*YOUR OBJECTIVE:* Restate word for word only the lines running from the one with "Rosemunde - Silk" to the end of the data, both ends included. Omit any pictures.

═════ DATA BLOCK ═════

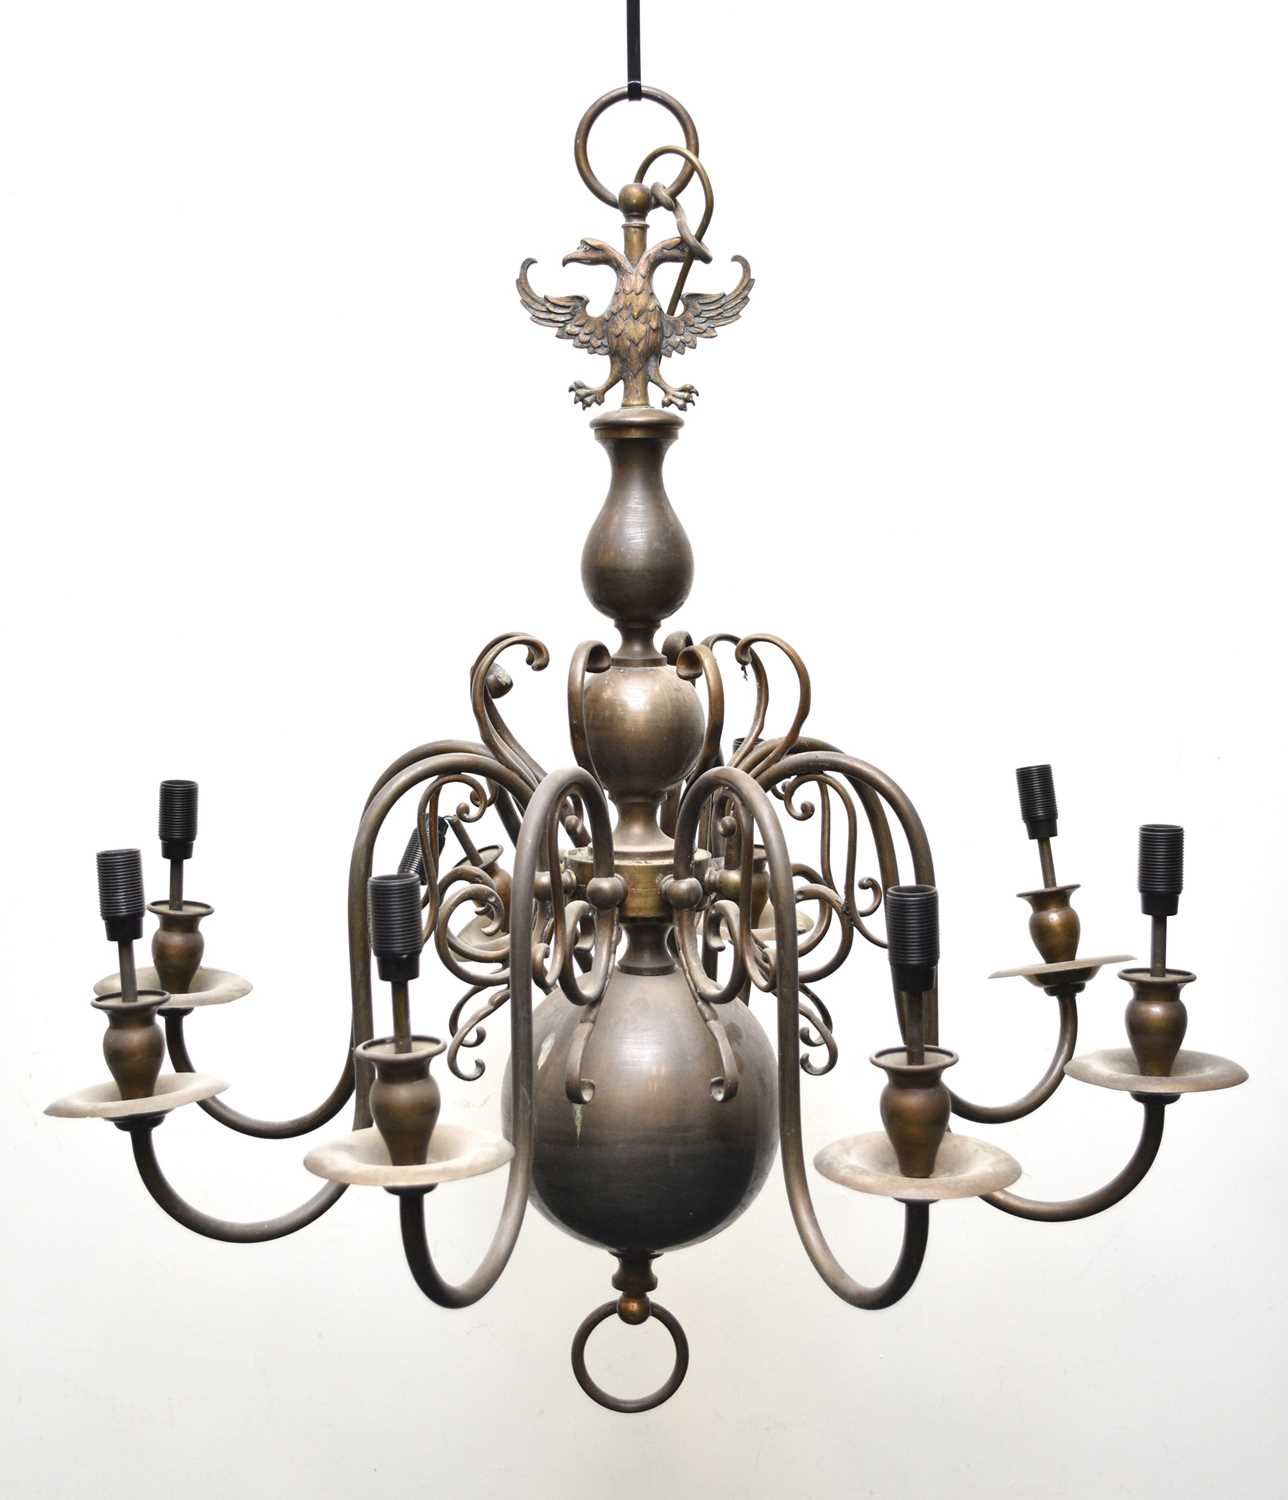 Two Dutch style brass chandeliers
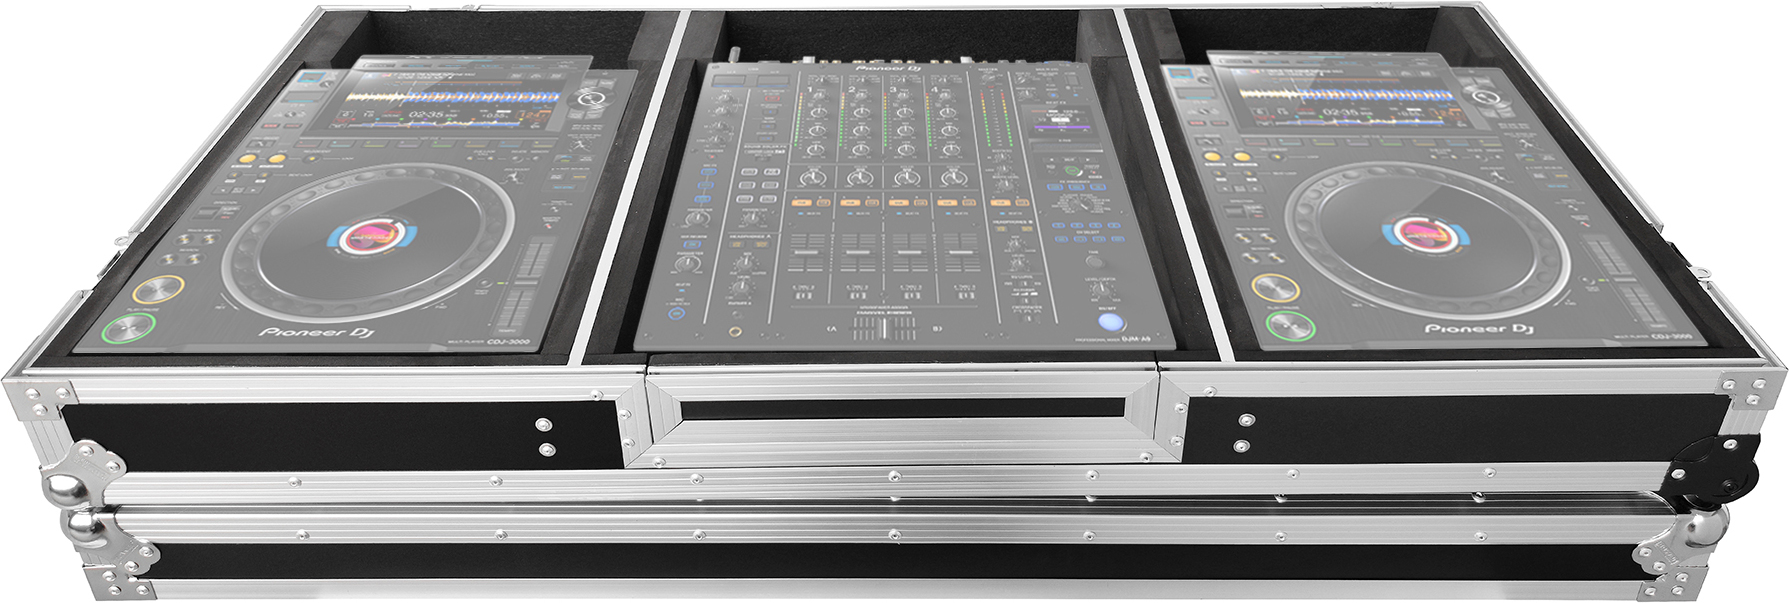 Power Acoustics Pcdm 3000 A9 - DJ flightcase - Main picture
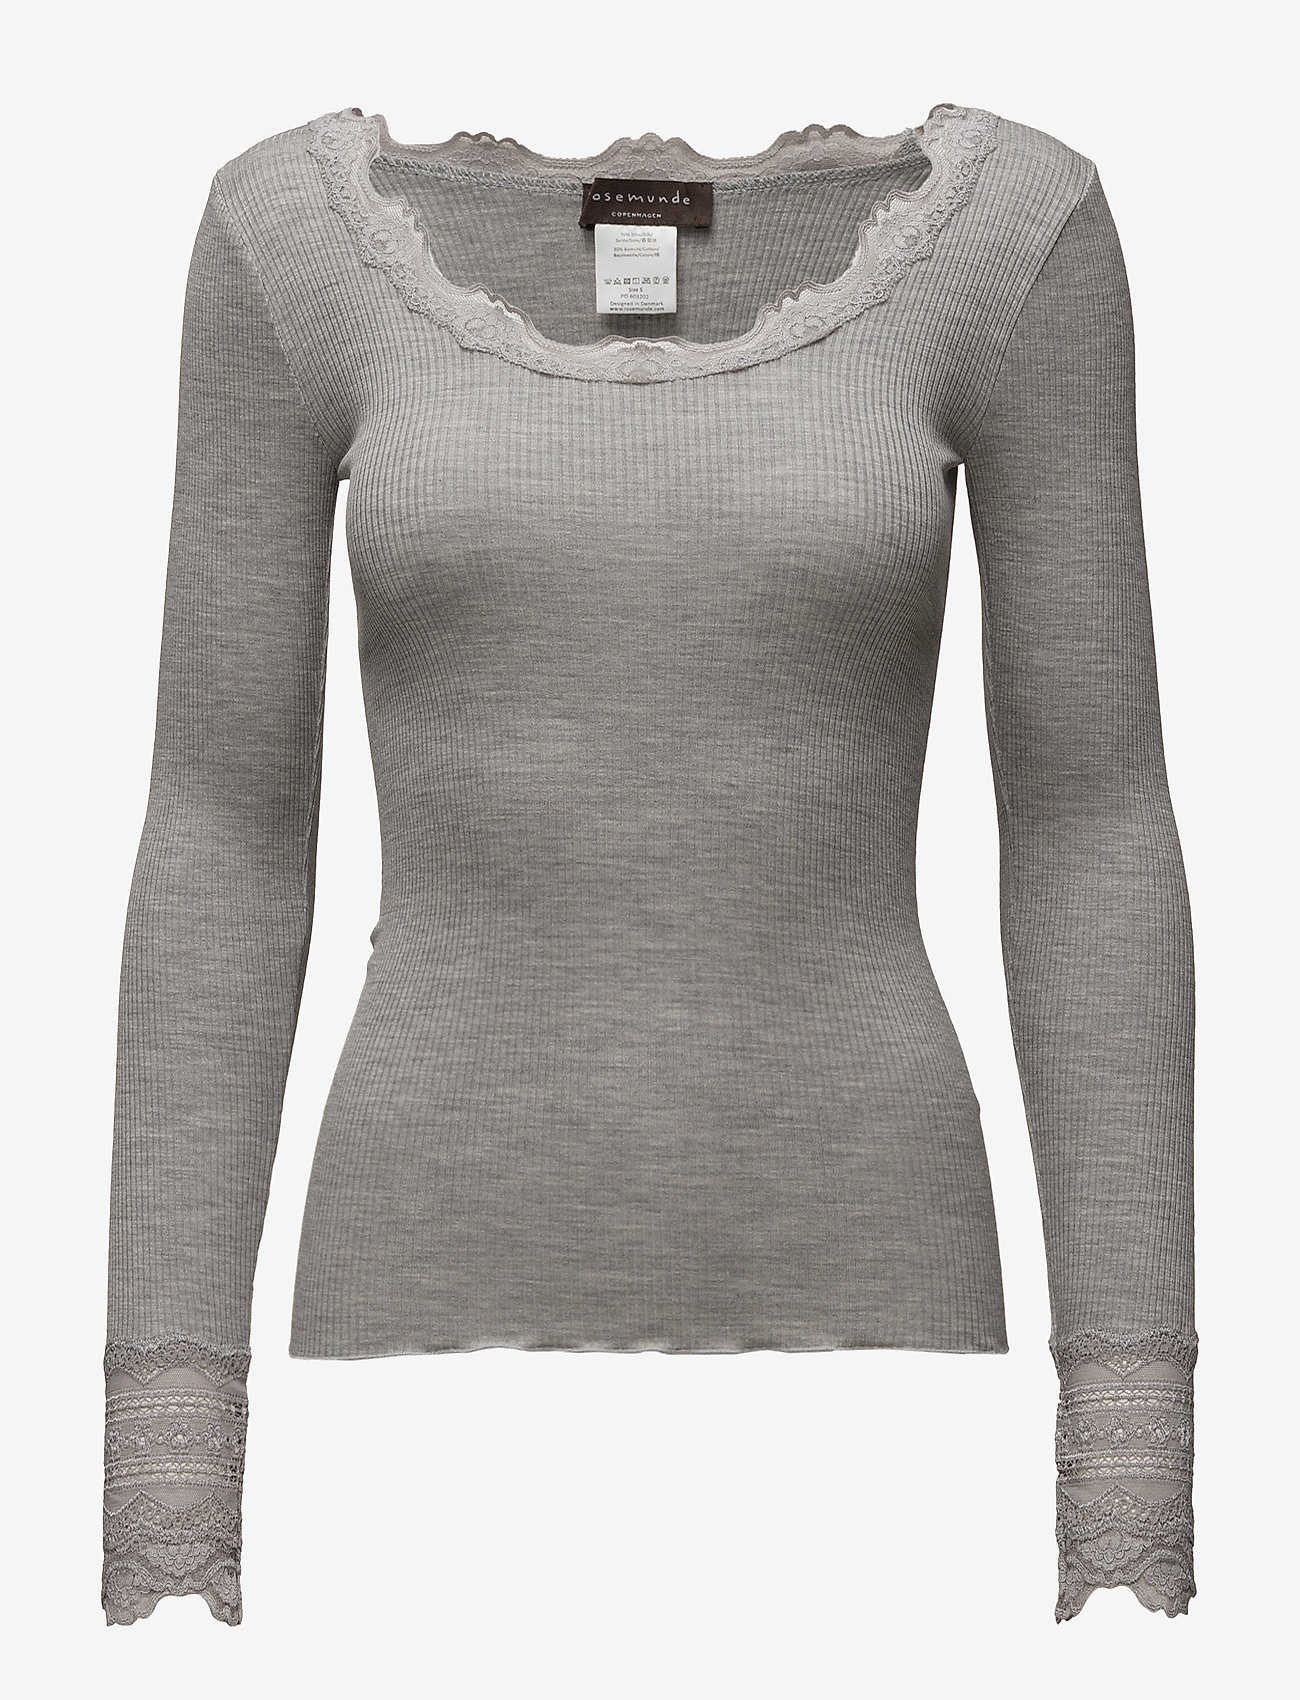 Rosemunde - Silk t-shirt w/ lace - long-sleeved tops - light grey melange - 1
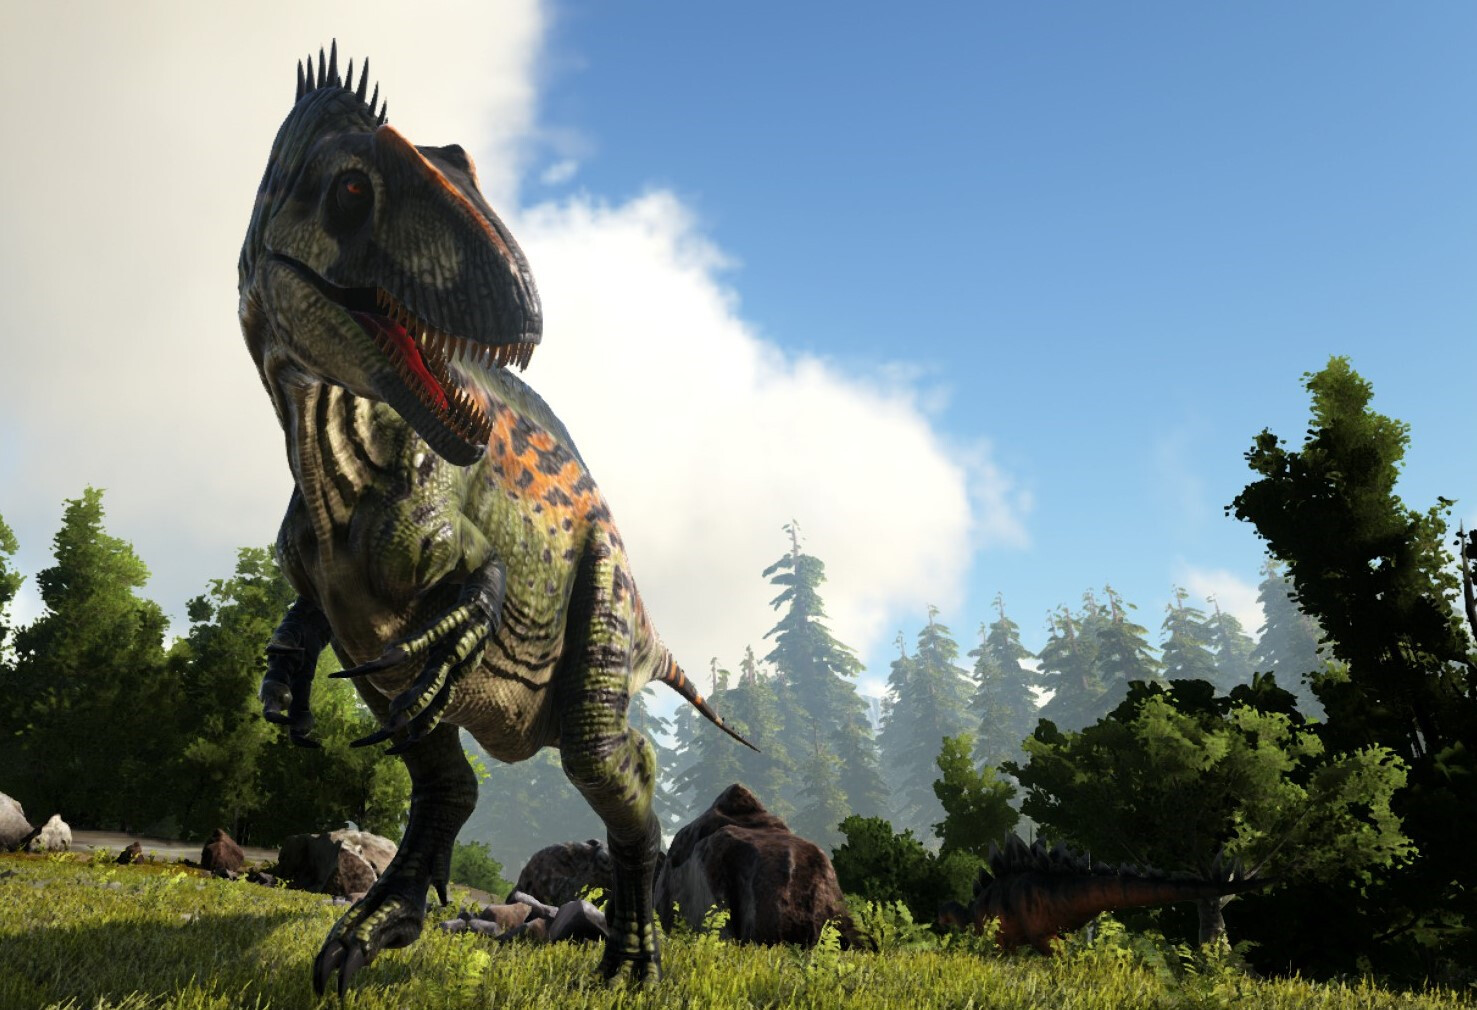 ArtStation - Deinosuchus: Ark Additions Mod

═════

*SOLVED EXERCISE:*
 Rosemunde - Silk t-shirt w/ lace - long-sleeved tops - light grey melange - 1
 ArtStation - Deinosuchus: Ark Additions Mod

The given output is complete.